The user sees the database-update “echoed”, to that user’s own device; and so,
the user “thinks” that the update is visible to ALL users, throughout the system; when, in fact,
there seems to be no way for the user to really know whether all of the “mirror-site” servers are fully-synchronized with one another, at any, given moment, or not. So,…
“content” appeared to be “there”, one minute, and “gone”, a short time later. But, in fact,…
the problem seems to be, that two users, both of whom were looking at the same dataset (probably, on “mirrored” copies that were resident on different servers), WERE SEEING DIFFERENT “CONTENT”.
The impact of that “anomaly” (in the context of other “anomalies” that were brought to light, at that time, which were of a “this-CANNOT-be-happening” nature) was, that an “interpersonal-relationship ‘train-wreck’” occurred, with certain of those relationships becoming “casualties”. In other words, “There was ‘wreckage’.”
Wreckage.

=============
END-EXAMPLE

CAVEAT: I have VERY LITTLE programming experience with an IBM mainframe; Mostly, I programmed on other vendors’ computers; on an IBM mainframe, I was a user of an existing system.

With that said,…

…I like BATCH processing, because --assuming nobody has bribed a tech, to get “advance notice” of the updated data, before the “production” database is unlocked, post-update/synchronization-- the users can have a reasonable expectation that they are all seeing the same thing.

Because, if you’ve got some kind of rotating roster of identical “spiders”, constantly running, one after the other, with each doing an audit and comparison of all the “mirrors” and “stand-alone components”, and signing an “all-clear” log, at the end,…

…and if any one of those “spiders” can shut the whole thing down, and lock the users out, if it detects an anomaly,…

…things can be reasonably safe, reasonably fair-and-equitable.

But, it’d be expensive, to do it that way.

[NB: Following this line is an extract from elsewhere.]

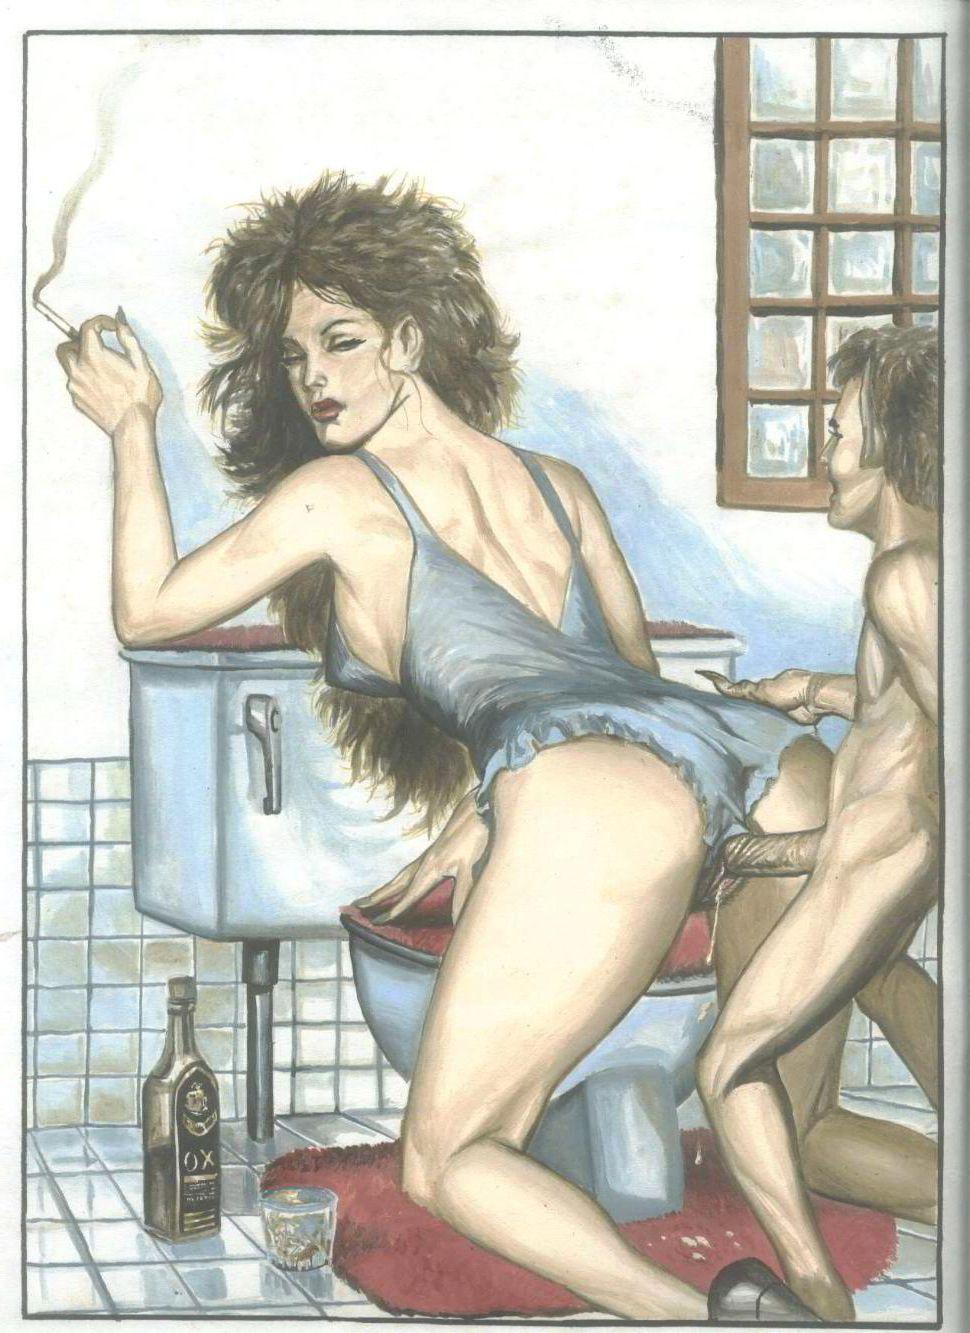 Dream cartoon mom son sex photos

And not invulnerable, either, if those “spiders” should be set up in a way that has them “make their rounds” with a specific “interval” in-between, that’d let someone slide in and do hanky-panky, and get out, before the next “spider” came through.

END-TOPIC: BATCH VS. OLTP

TOPIC: NAMING-CONVENTIONS

The entire topic of “Naming-Conventions” is a tiny subset of the corporate IMPERATIVE that the Company be able to survive the departure of ANY of it’s employees.

There is nothing that will kill a career quicker than being “the only one who can <enter the name of ANY kind of task, here>”.

If programs are “spaghetti”, with variable-names being “standardized” to 3 characters in length, while paragraph-names are 5 characters long, whether they need it or not, the supervisor is probably planning on spending some time with their family.

And, if you can’t find the data-set a “production” program needs (but, you KNOW it’s there, SOMEWHERE)? Not good.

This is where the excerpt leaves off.